Sim, claro. Elas querem que as ‘p***s’ fiquem para sempre na sombra dos párias. Que existam sem ousar ter direitos. Portanto têm-me acusado de glamourizar a prostituição. Houve também um grupo de feministas radicais em França que escreveu um artigo a dizer que eu tinha sido abusada na minha infância e por isso achava a prostituição algo capaz de me dar poder. (pausa) Eu nunca fui abusada na minha infância, nunca me aconteceu nada parecido. Mas para que a minha história entre numa narrativa que lhes convenha, elas têm de caluniar. Não querem admitir que a prostituição não é sempre o que nos descrevem nos livros, não é sempre uma história de tráfico de seres humanos. Há uma percentagem muito relevante de trabalhadores sexuais que fazem isso de maneira livre, refletida e consentida.

Todos os capítulos do livro começam com o título de uma música, há muito rock… The Velvet Underground ou Pixies e uma voz trágica, a Nina Simone. 

Há só uma parte em que não falas de música, nos capítulos em que trabalhas no primeiro bordel, onde não gostas de estar…

Sim sentia-me mal e queria que se sentisse isso no livro. A música nesse momento parou, era uma coisa séria. Aquele sítio era sujo e deixou-me más recordações. As outras músicas ouvia enquanto estava a trabalhar, fazia playlists para me sentir mais à vontade nos momentos em que estava com clientes.

No teu processo artístico de escrita, estabeleceste algum limite? Escrevias todos os dias?

Não, nunca escrevo todos os dias. Escrevo quando tenho inspiração e vontade. Foi um livro que demorei muito tempo a escrever. Comecei com muita confiança, a achar que ia ser incrível, e aos poucos percebi que não era tão simples. Não queria cair nos clichés, e tive momentos em que duvidei, sabia que o livro ia existir, mas tive momentos em que tive medo. Queria honrar o tema que estava a tratar. E ainda que a prostituição seja legal em Berlim, tu continuas a sentir-te à margem da sociedade. 

Foto: Getty Images

Ou seja?

Não é fácil dizer ao teu gestor no banco que és prostituta. Não é fácil alugar uma casa e dizer que és trabalhador sexual. É um trabalho em que o estigma está presente, isso para mim foi difícil, e impediu-me por vezes de escrever. Isso e coisas como saber que os meus pais iam ler o livro. Dúvidas clássicas. 

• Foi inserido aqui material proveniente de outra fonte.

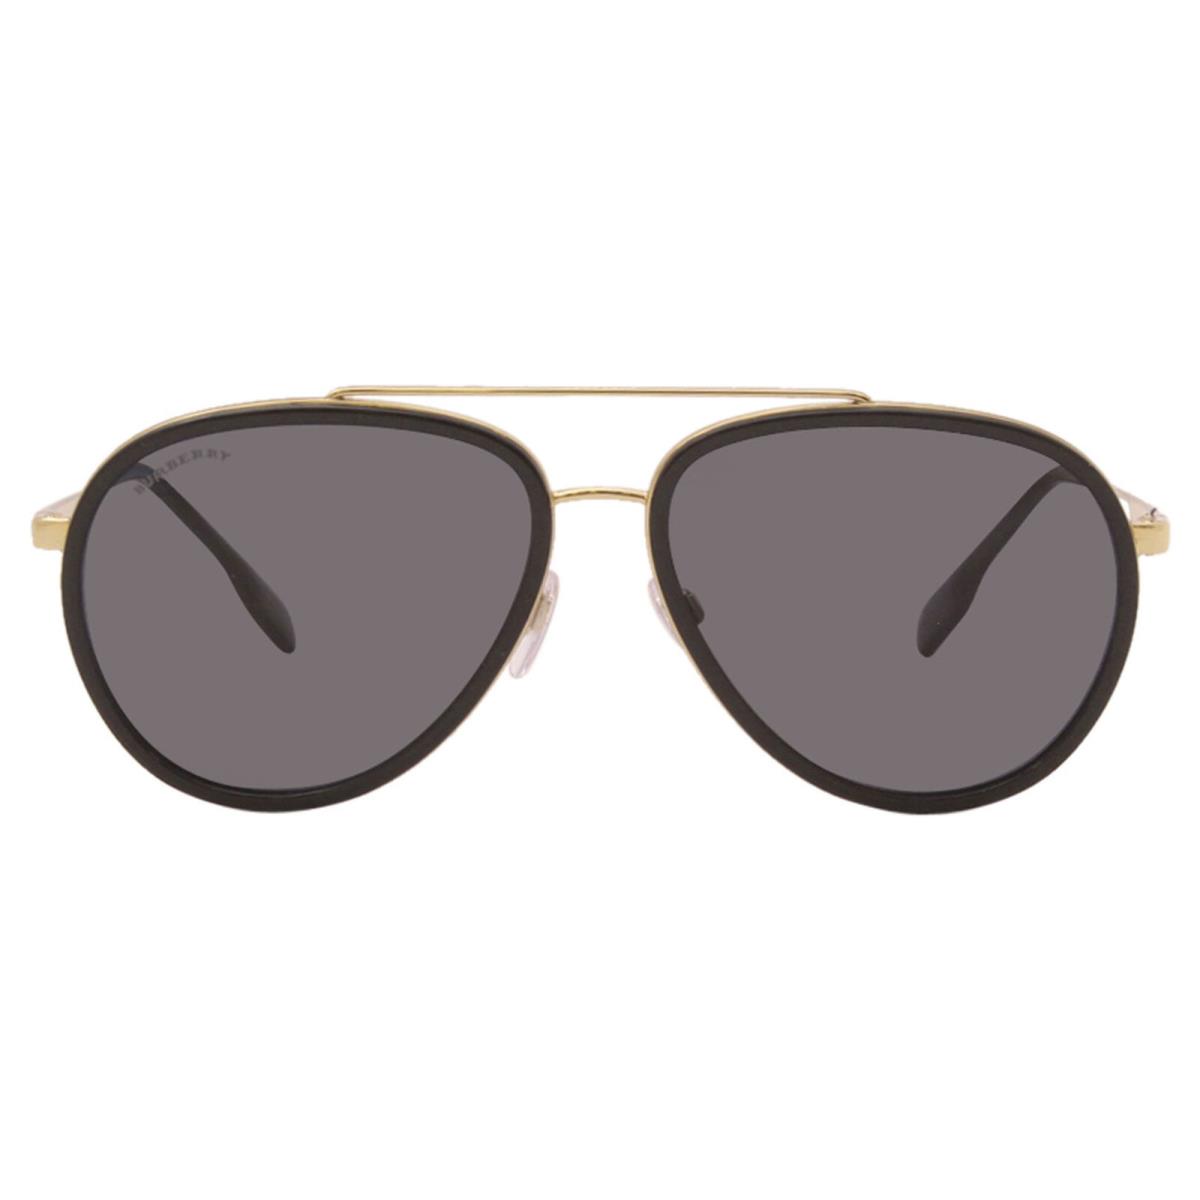 Burberry Oliver B-3125 1017/81 Sunglasses Men`s Gold/dark Grey Polarized Lenses

Durante a pandemia muitos jovens abriram contas no Only Fans, uma rede social onde se despem em troca de dinheiro ou remuneração. Lembrei-me desta nova realidade enquanto preparava esta entrevista. O que achas disto? Como vês esta geração que vende o seu erotismo com desembaraço?

O princípio é divertido. Acho bem que toda a gente possa ser um potencial objeto de desejo. E não interessa o teu físico ou a tua orientação sexual. É bonito saber que todos podem encontrar o que querem na Internet. Isto pode até servir como uma tomada de consciência — não é preciso ser a rapariga que pousa numa revista para ter um potencial erótico. Depois há pessoas que podem vir dizer que, para se ser desejado não é preciso receber dinheiro em troca ou ser-se pago. É verdade. Mas vivemos numa sociedade capitalista, não é? Em vez de culpar as ‘p****’, talvez seja melhor perguntar porque vivemos numa sociedade que nos motiva a ganhar sempre mais dinheiro?